Après un apprentissage de coiffeur-posticheur à Paris, le Saint-Quentinois Jules Leclabart se marie en 1890 et s'installe à Hirson pour y exercer ses talents. Mais comme les débuts de sa petite entreprise sont difficiles, il complète ses revenus en assurant la gérance d'un bureau de tabac.
Survient la Belle Époque où l'apparence tient une place majeure et où les femmes aiment porter des coiffures complexes qui exigent des postiches.
Jules Leclabart saisit cette opportunité pour coller à la mode. Aussi loue-t-il une maison au 7, rue de Lorraine pour y installer ses ateliers dont l'essor est patent. A la veille de la Première Guerre mondiale, la fabrique emploie une centaine de personnes. Le conflit stoppe l'entreprise, d'autant qu'Hirson est dévastée, tandis qu'André, l'un des fils de Jules est tué devant Verdun.
Son fils épouse la fille d'un marchand de cheveux
Après la signature de l'armistice, Jean, un autre fils, épouse Geneviève Patte, la fille du premier marchand de cheveux français. Installé à Beauvais, la famille du père de la jeune mariée exerce depuis 1817 !
Cette société doit son succès à ses traitements brevetés et en particulier son procédé de délentage. Après être passés à l'étuve, les cheveux sont trempés dans un bain de teinture à l'italienne qui a la particularité de colorer les œufs de lentes. Après avoir effectué un stage de deux ans chez son beau-père, Jean succède à son père décédé en 1921 et fixe de nouvelles orientations à ses ateliers. En dix ans, il impose son savoir-faire dans l'Europe entière et bientôt sur les cinq continents.
Aux traditionnels postiches enveloppeurs, il ajoute une série de créations aussi bien pour compléter des cheveux coupés que pour densifier des cheveux déjà longs. Sa productivité lui permet de baisser ses coûts de production et d'augmenter les salaires sans perdre de marchés.
Pendant quarante ans, les postiches de chez Leclabart sont les plus réputés. Jean développe alors d'autres concepts comme le frisage sur tête plus connu sous le nom de permanente. Il est aussi à l'origine de la production des premières pinces chauffantes sans fil. La Seconde Guerre mondiale interrompt une nouvelle fois l'activité.
Dans les années 50, les fils Jacques et André redynamisent l'activité et créent une nouvelle implantation.
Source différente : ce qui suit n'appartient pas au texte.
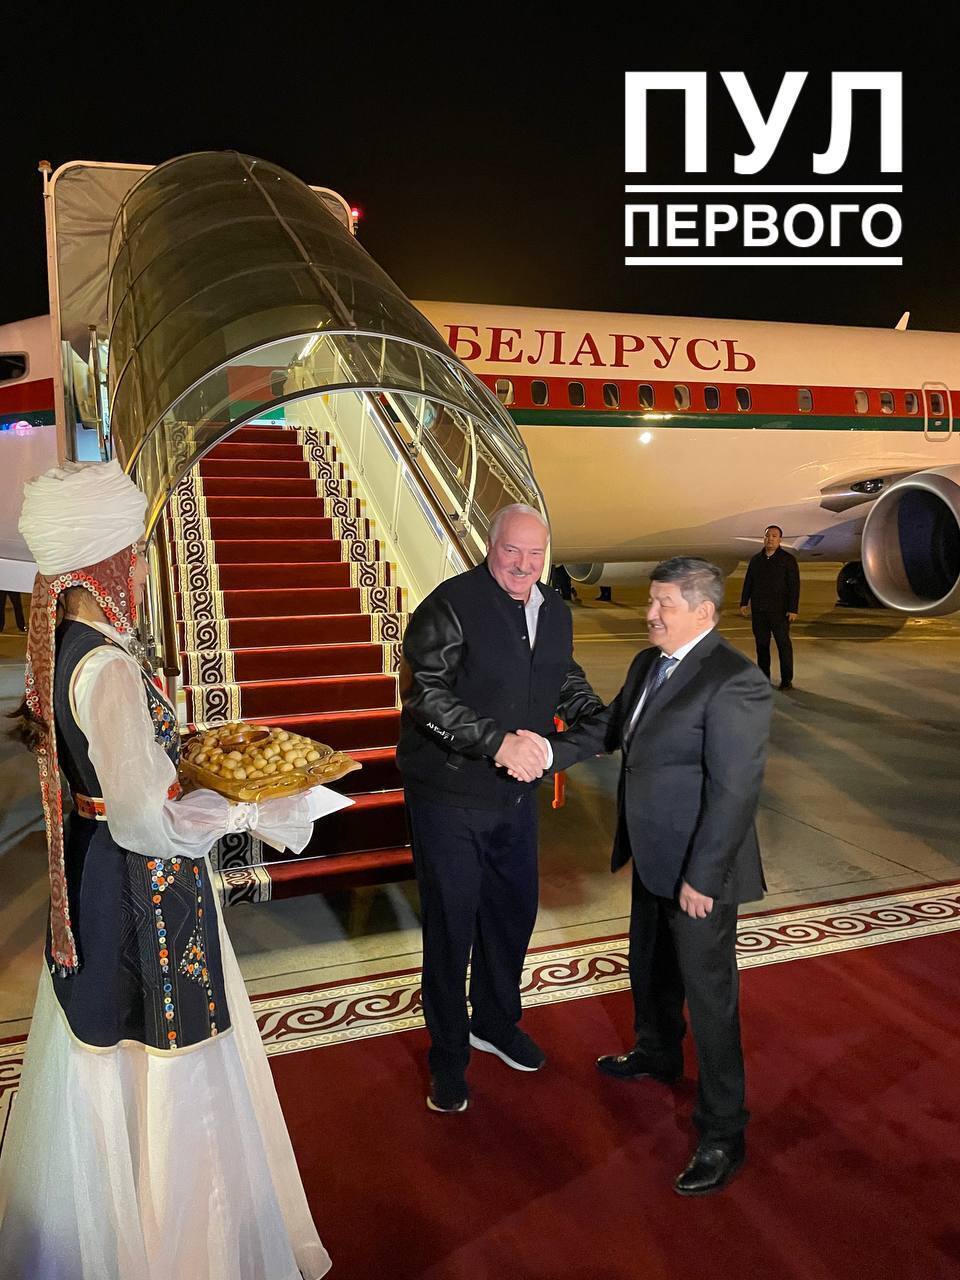 Лукашенко конфузом в Бишкеке подогрел слухи о своей болезни: что произошло. Видео

Ils vont connaître une vingtaine d'années de prospérité avant que la concurrence internationale, notamment japonaise, provoque en 1972 la chute de cette maison emblématique.
L'entreprise aura eu jusqu'à douze cents ouvrières dans ses différents ateliers et était une garantie pour l'emploi féminin thiérachien. En 1991, plusieurs anciennes ouvrières témoignent de leur tâche : « On travaillait aux pièces. Plus on en faisait, plus on était payé. Et c'est vrai qu'on touchait un bon salaire. Je me souviens avoir gagné en quinze jours le salaire mensuel de mon mari », rapporte alors Mme Duchesne. « Des bûcheuses, il y en avait. Le paiement à la tâche nous incitait à mettre le paquet. Il n'était pas rare que nous ramenions du travail à la maison », se remémore une implanteuse Mme Prique.
Les anciennes insistent encore sur toutes les commandes assurées pour le monde des arts, de la chanson et des spectacles : « Je me souviens avoir réalisé une grande natte pour Sheila », confie Mme Duchesne. Et d'ajouter : « La plupart des coiffeurs et médecins passaient par Leclabart. C'était un gage de sécurité et de qualité ».